- Work to complete:
Given the records underneath, please repeat exactly the lines from the line with "Eleven Assurances of" through the line with "adidas Women's Cloudfoam", passing over any picture.

- Input material:
== == ==

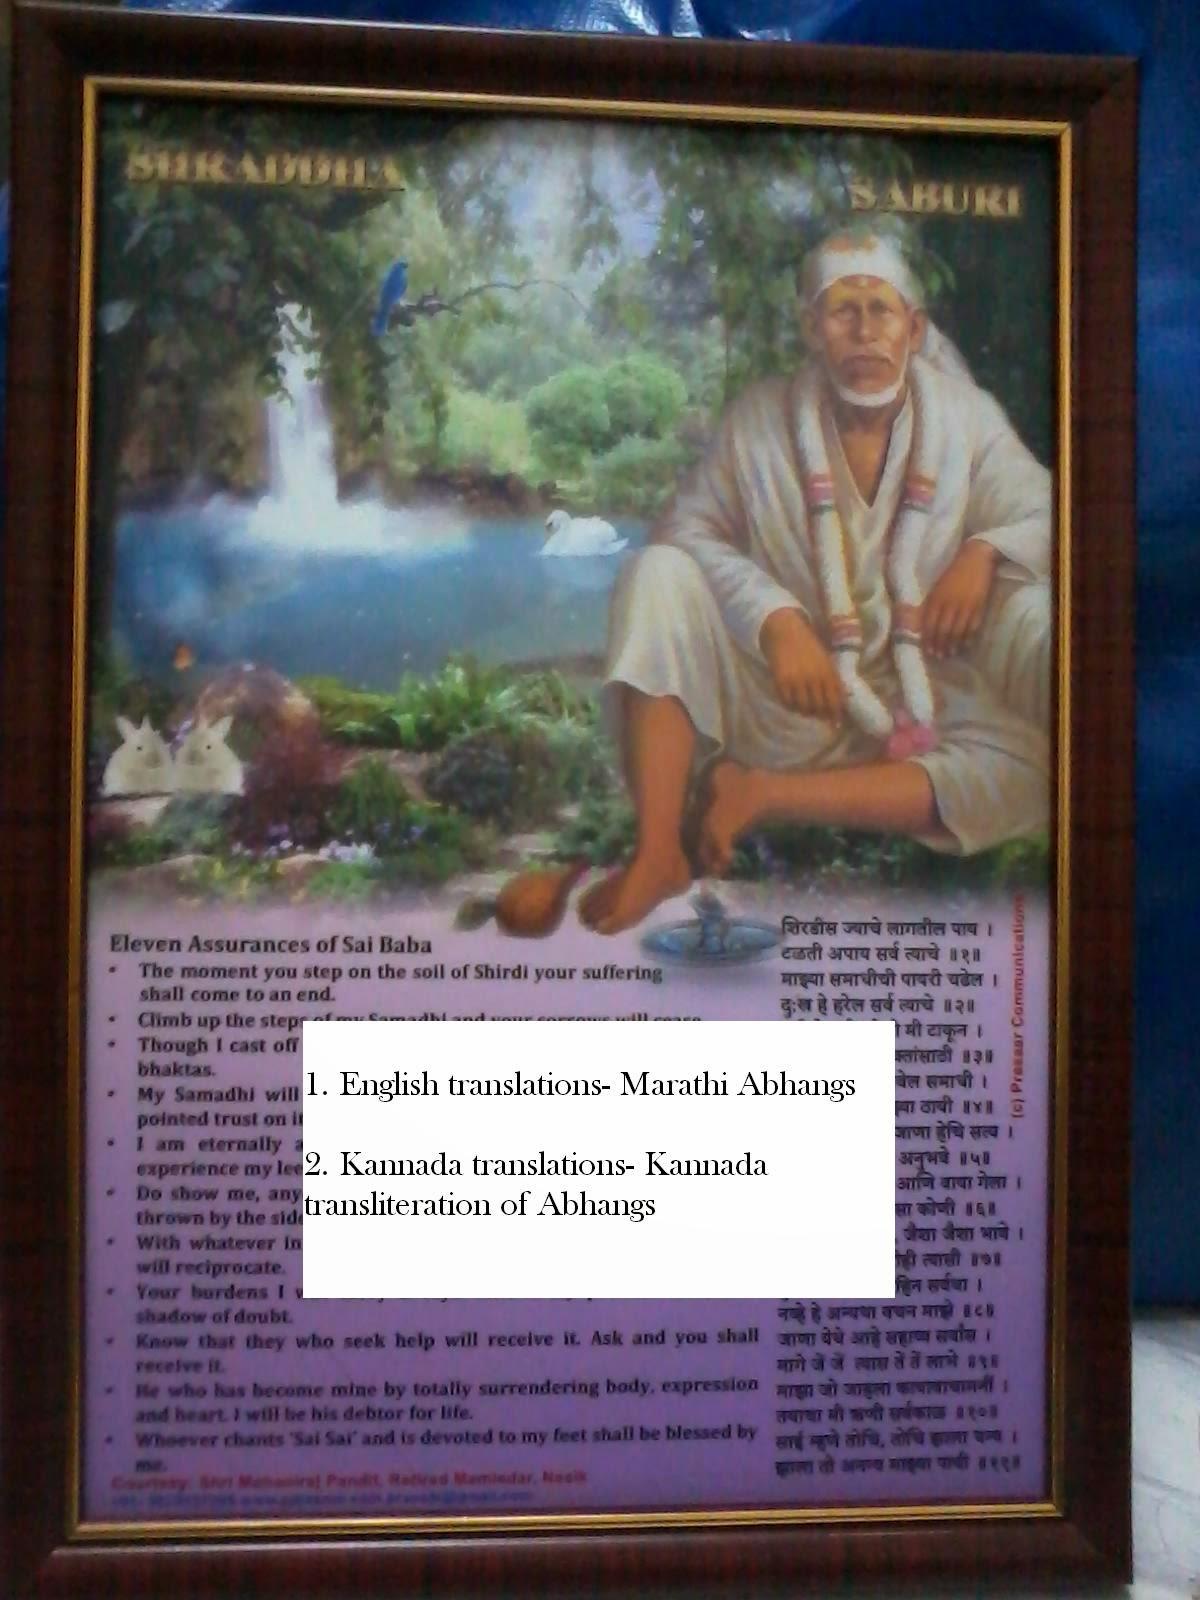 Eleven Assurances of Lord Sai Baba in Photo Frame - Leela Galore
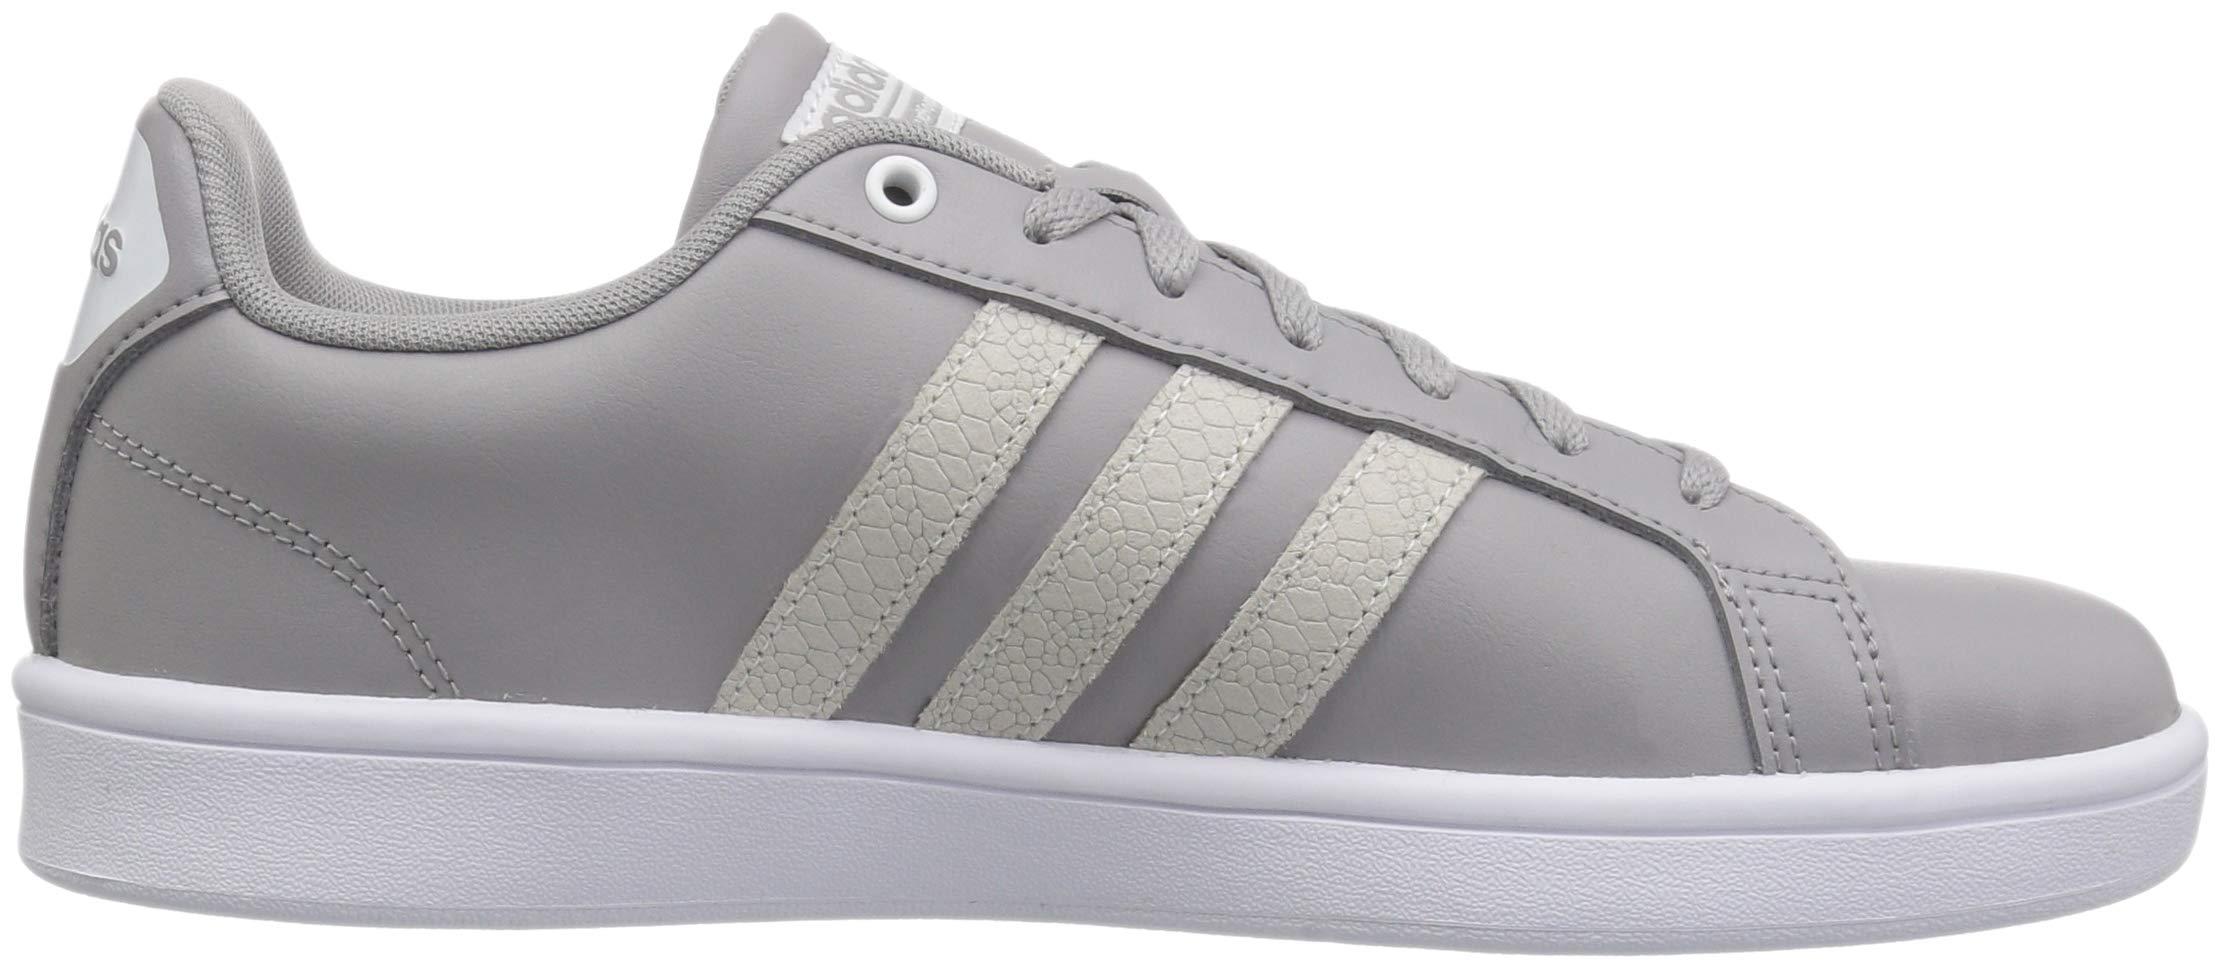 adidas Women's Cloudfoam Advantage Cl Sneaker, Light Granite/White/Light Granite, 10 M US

== == ==

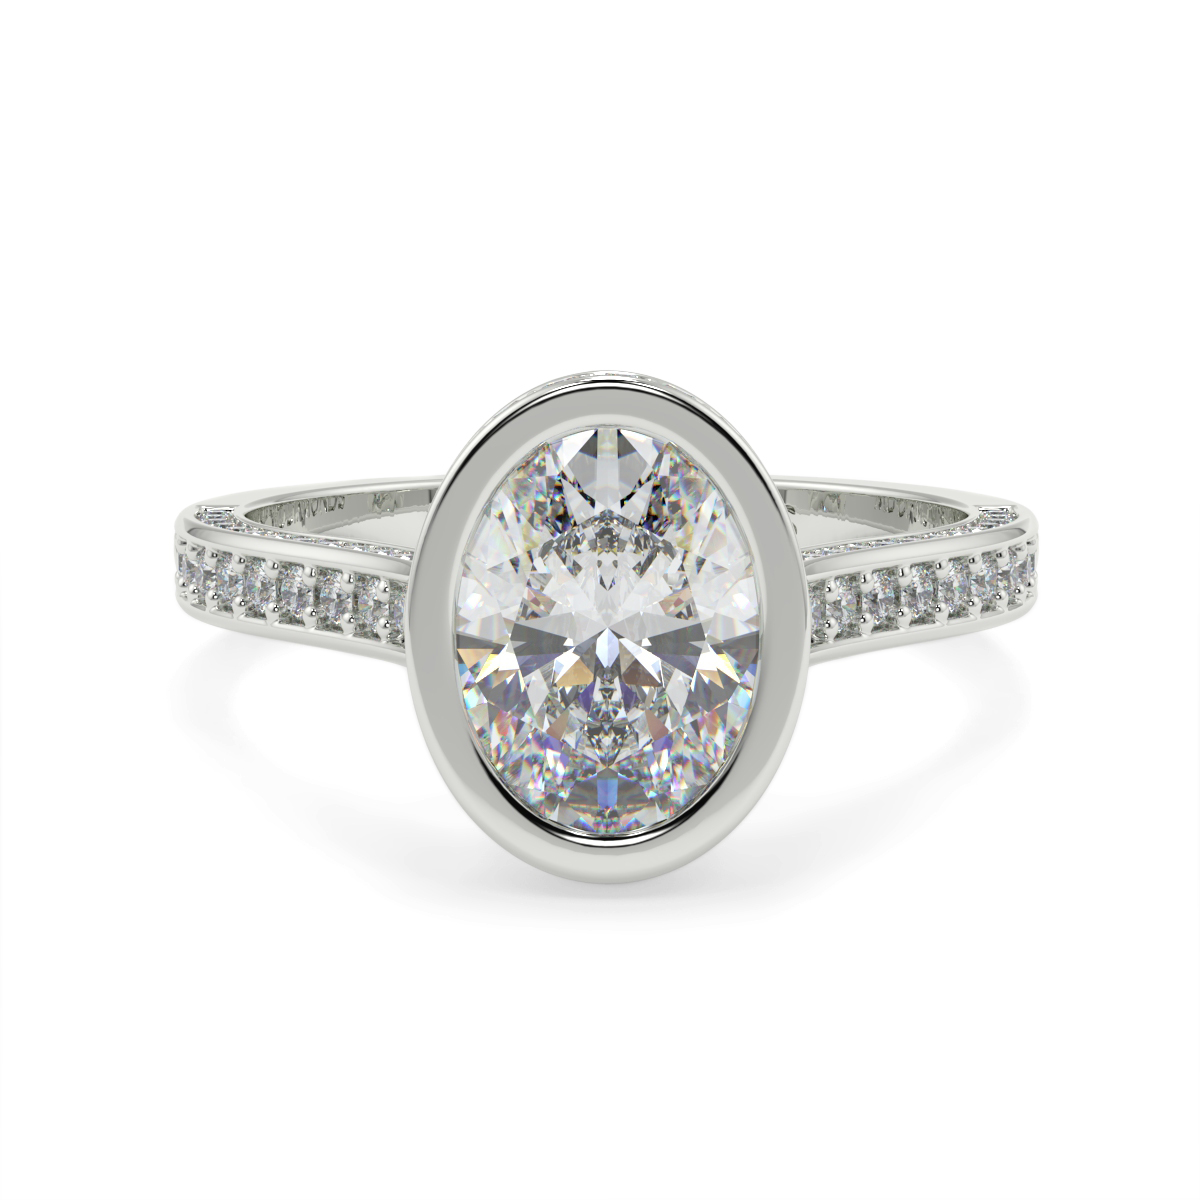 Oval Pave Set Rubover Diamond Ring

== == ==

- The answer:
 Eleven Assurances of Lord Sai Baba in Photo Frame - Leela Galore
 adidas Women's Cloudfoam Advantage Cl Sneaker, Light Granite/White/Light Granite, 10 M US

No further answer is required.